According to a number of sources, the retreating Greek army carried out a scorched earth policy while fleeing from Anatolia during the final phase of the war after each battle they lost.[39][40] For instance Middle East historian Sydney Nettleton Fisher wrote that:

"The Greek army in retreat pursued a burned-earth policy and committed every known outrage against defenceless Turkish villagers in its path."[41]
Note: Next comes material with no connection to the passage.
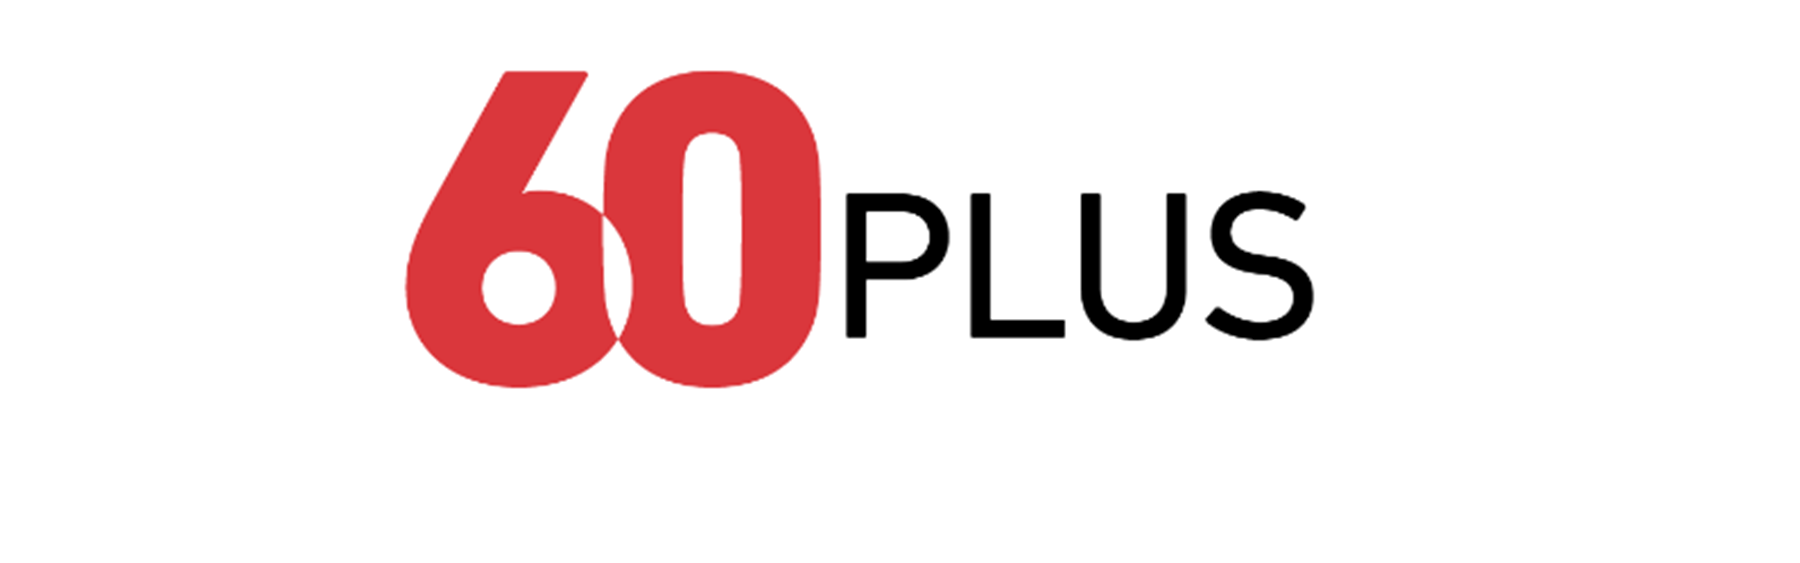 60 plus logo

James Loder Park, the U.S. Vice-Consul in Constantinople at the time, who toured much of the devastated area immediately after the Greek evacuation, described the situation in the surrounding cities and towns of İzmir he has seen, as follows:

"Manisa...almost completely wiped out by fire...10,300 houses, 15 mosques, 2 baths, 2,278 shops, 19 hotels, 26 villas…[destroyed]. Cassaba (present day Turgutlu) was a town of 40,000 souls, 3,000 of whom were non-Moslems. Of these 37,000 Turks only 6,000 could be accounted for among the living, while 1,000 Turks were known to have been shot or burned to death. Of the 2,000 buildings that constituted the city, only 200 remained standing. Ample testimony was available to the effect that the city was systematically destroyed by Greek soldiers, assisted by a number of Greek and Armenian civilians. Kerosene and gasoline were freely used to make the destruction more certain, rapid and complete. Alasehir, hand pumps were used to soak the walls of the buildings with Kerosene. As we examined the ruins of the city, we discovered a number of skulls and bones, charred and black, with remnants of hair and flesh clinging to them. Upon our insistence a number of graves having a fresh-made appearance were actually opened for us as we were fully satisfied that these bodies were not more than four weeks old.[the time of the Greek retreat through Alasehir]"

Consul Park concluded:

1.The destruction of the interior cities visited by our party was carried out by Greeks.
2.The percentages of buildings destroyed in each of the last four cities referred to were: Manisa 90 percent, Cassaba (Turgutlu) 90 percent, Alaşehir 70 percent, Salihli 65 percent.
3.The burning of these cities was not desultory, nor intermittent, nor accidental, but well planned and thoroughly organized.
4.There were many instances of physical violence, most of which was deliberate and wanton. Without complete figures, which were impossible to obtain, it may safely be surmised that 'atrocities' committed by retiring Greeks numbered well into thousands in the four cities under consideration. These consisted of all three of the usual type of such atrocities, namely murder, torture and rape.[42]

Kinross wrote: "Already most of the towns in its path were in ruins. One third of Ushak no longer existed. Alashehir was no more than a dark scorched cavity, defacing the hillside. Village after village had been reduced to an ash-heap. Out of the eighteen thousand buildings in the historic holy city of Manisa, only five hundred remained".[43] It is estimated some 3,000 lives had been lost in the burning of Alaşehir alone [44]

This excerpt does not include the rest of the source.